Il più importante codice civile dell'800 (code Napoléon) definisce la proprietà come il
diritto di godere e di disporre delle cose nella maniera più assoluta, purchè non se ne
faccia un uso proibito dalle leggi o dai regolamenti. → la stessa formula si ritrova nel
codice civile italiano del 1865. → E' una nozione che sul piano teorico ricalca il
paradigma romanistico della proprietà come diritto che attribuisce al proprietario una
gamma di poteri tendenzialmente illimitata. Questo paradigma andava bene per le
esigenze dell'economia del XIX secolo, caratterizzate dal primato della borghesia
proprietaria e da una concentrazione della ricchezza saldamente ancorata al bene
della terra.
Se dall'800 ed i suoi codici si passa al 900e al codice civile del 1942, il panorama
cambia completamente sul piano sistematico.

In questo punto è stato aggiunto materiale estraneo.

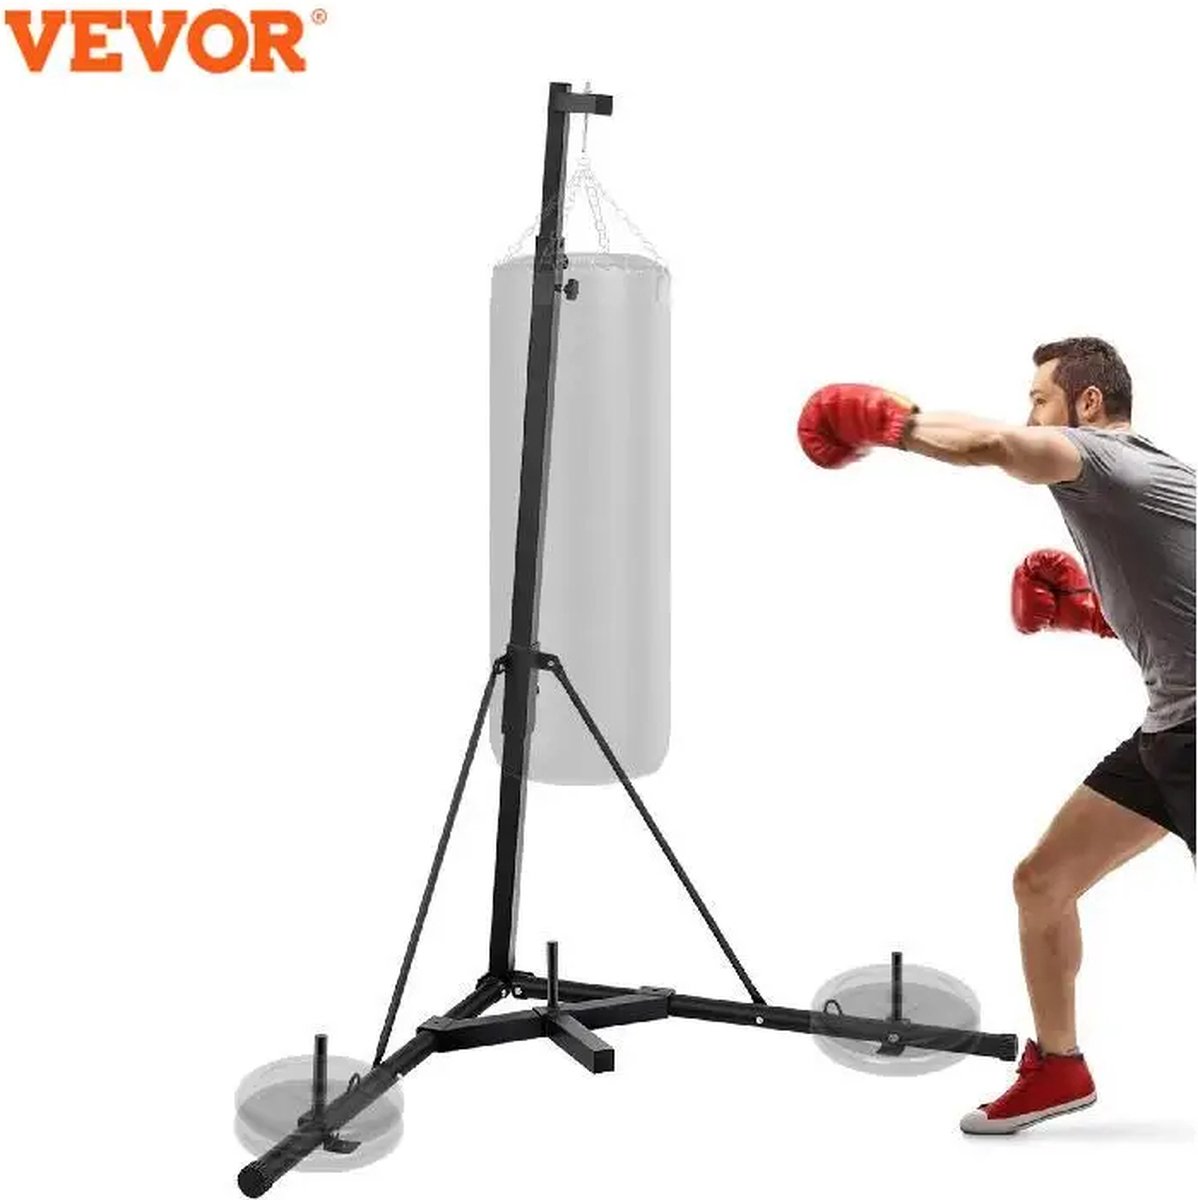 Vevor - Bokszak - Punch Bag - Vechtsport - Fitness - MMA - Training - Boksen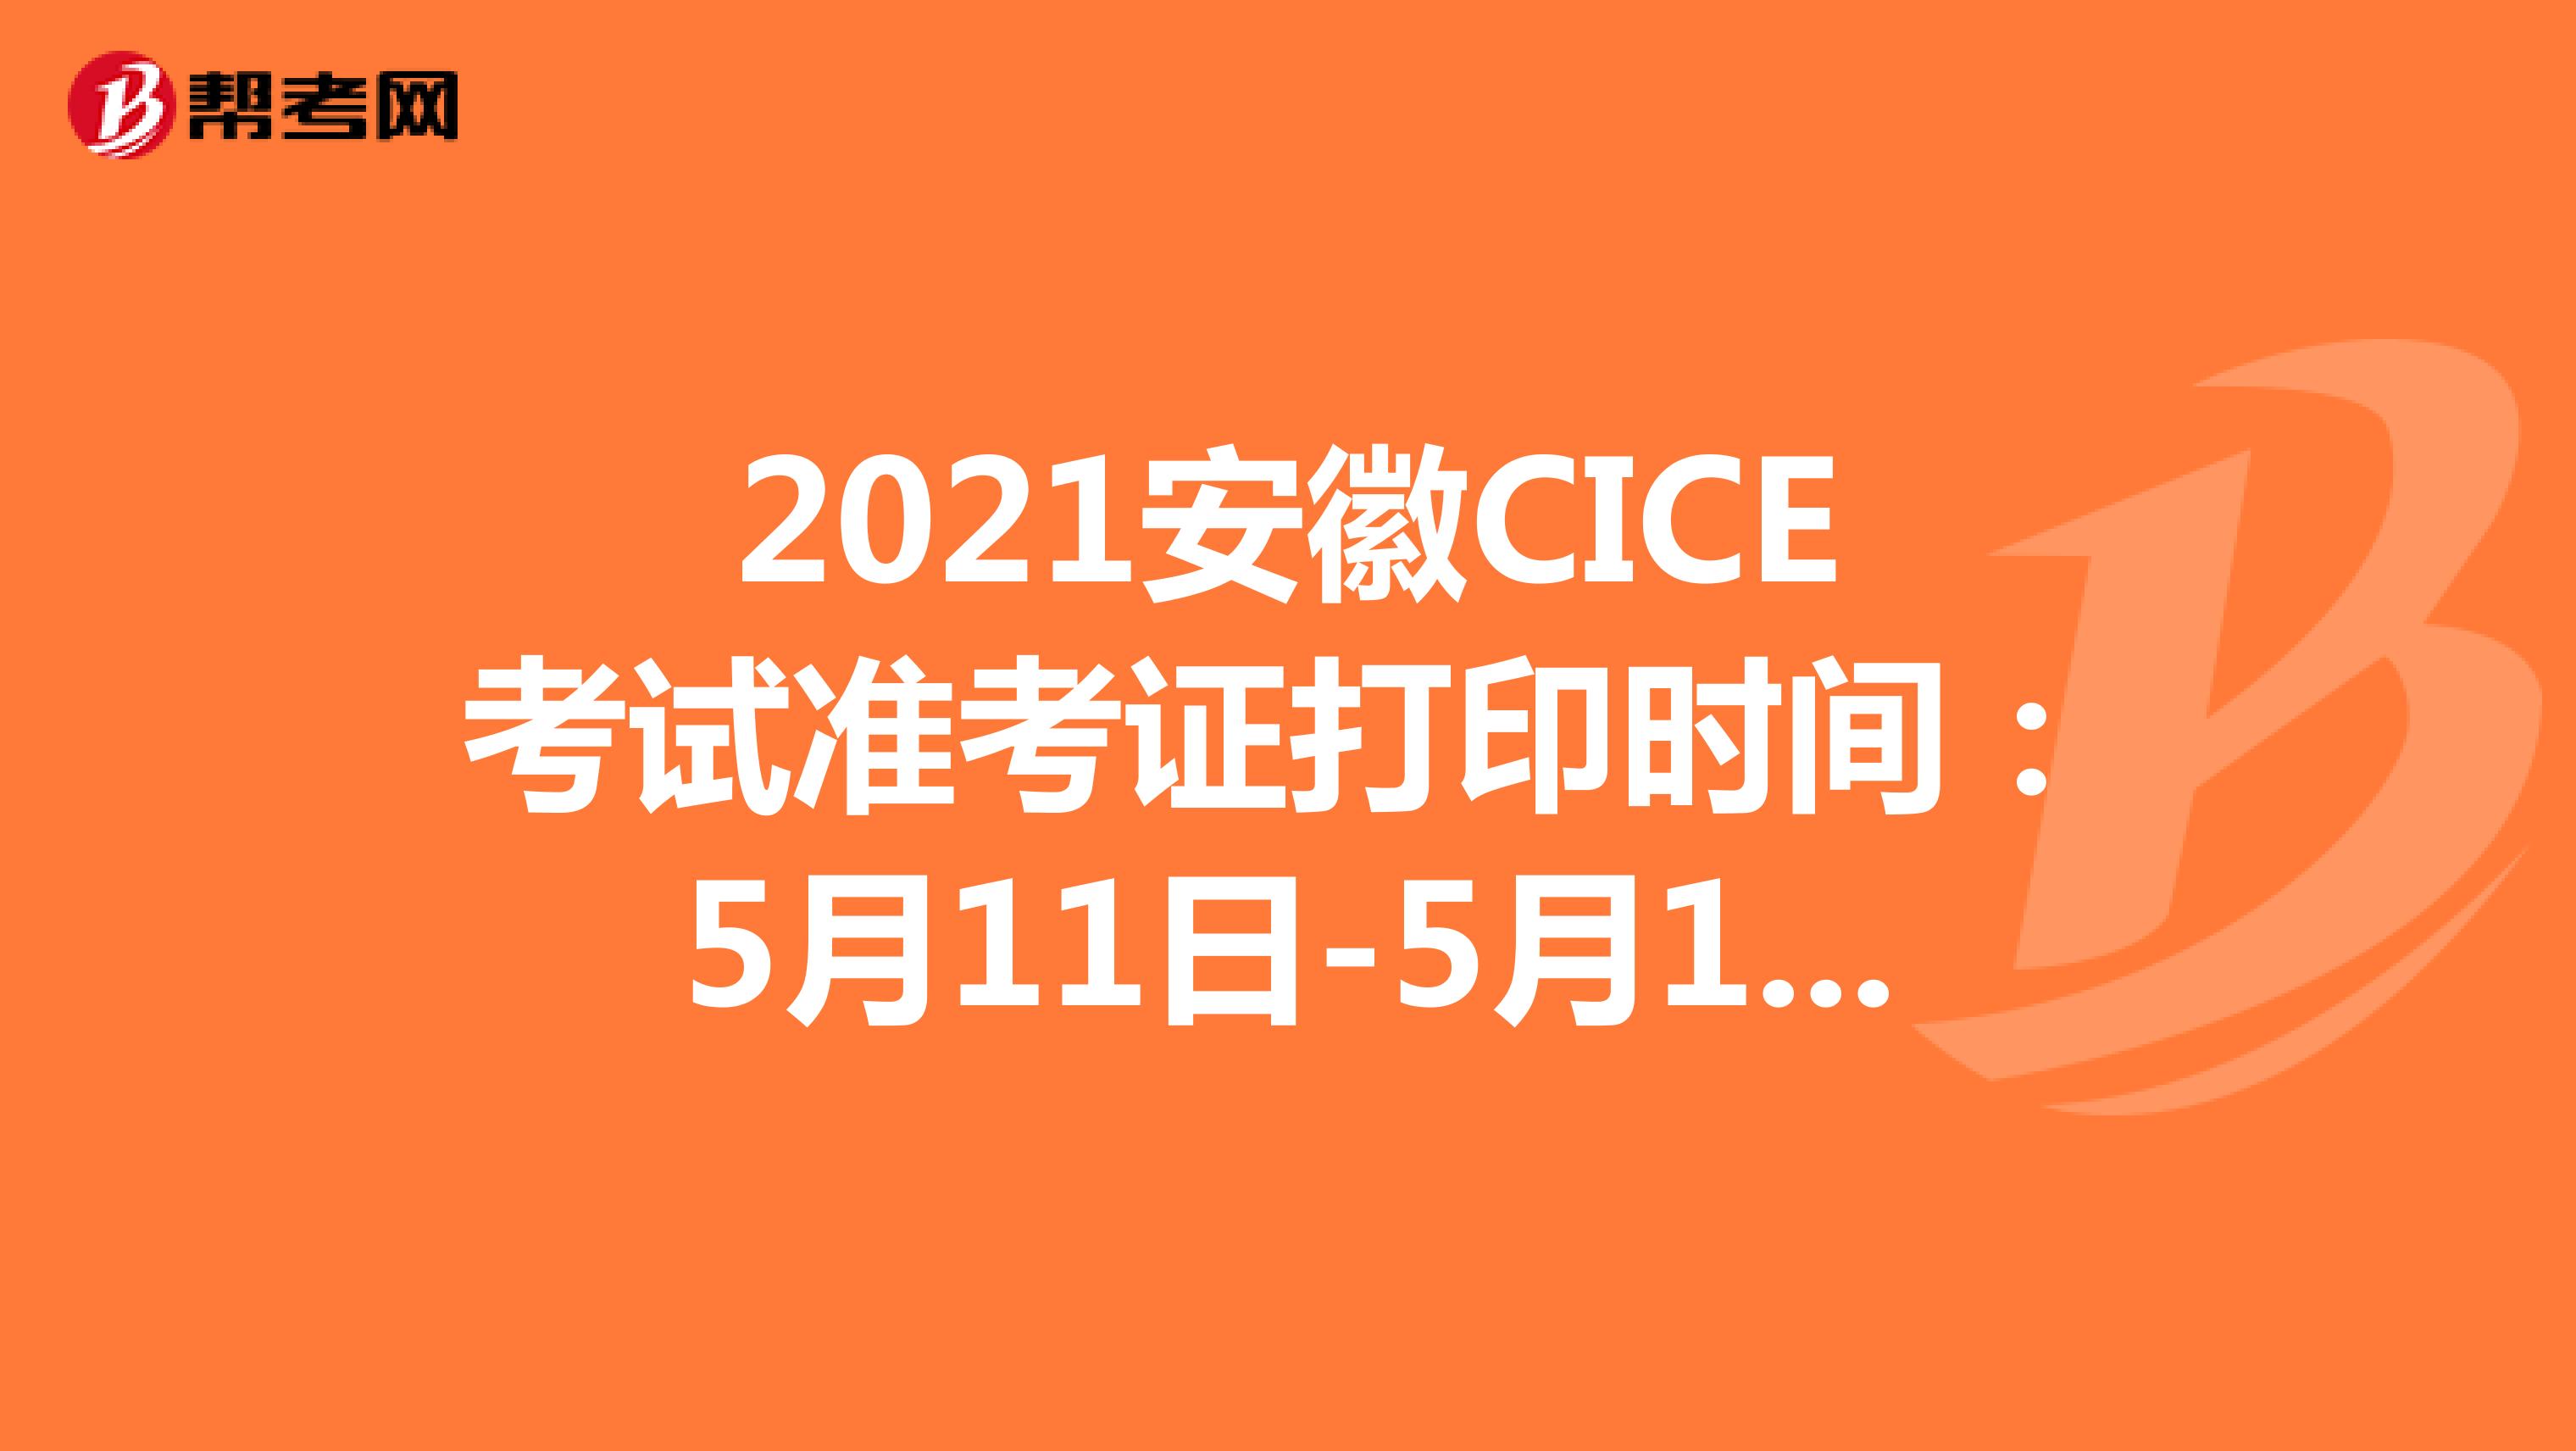 2021安徽CICE考试准考证打印时间：5月11日-5月14日

Nel codice civile vigente, successione mortis causa, contratto ed obbligazione
occupano uno spazio autonomo rispetto alla proprietà (disciplinata nel libro III). Il
contratto, nel nostro ordinamento giuridico, opera sia come modo di acquisto dalla
proprietà, sia come fonte delle obbligazioni. → tutto questo è sintomatico di una
profonda trasformazione nel modo di intendere la ricchezza.
In circa 100 anni si era passati da una società di capitalismo allo stato nascente ad una
società di capitalismo industriale, fortemente caratterizzata dalle esigenze della
produzione e dello scambio. Il codice civile del 1942 realizza l'unificazione del diritto
privato e con esso, la proprietà perde il suo ruolo centrale e diviene uno tra gli istituti
privatistici. Anche il trattamento riservato alla proprietà dalla costituzione del 1948 è
significativo della mutata concezione della stessa. Il diritto di proprietà trova un
esplicito riconoscimento all'art 42 comma 1 della costituzione, dove però nel comma
2 se ne proclama la funzione sociale.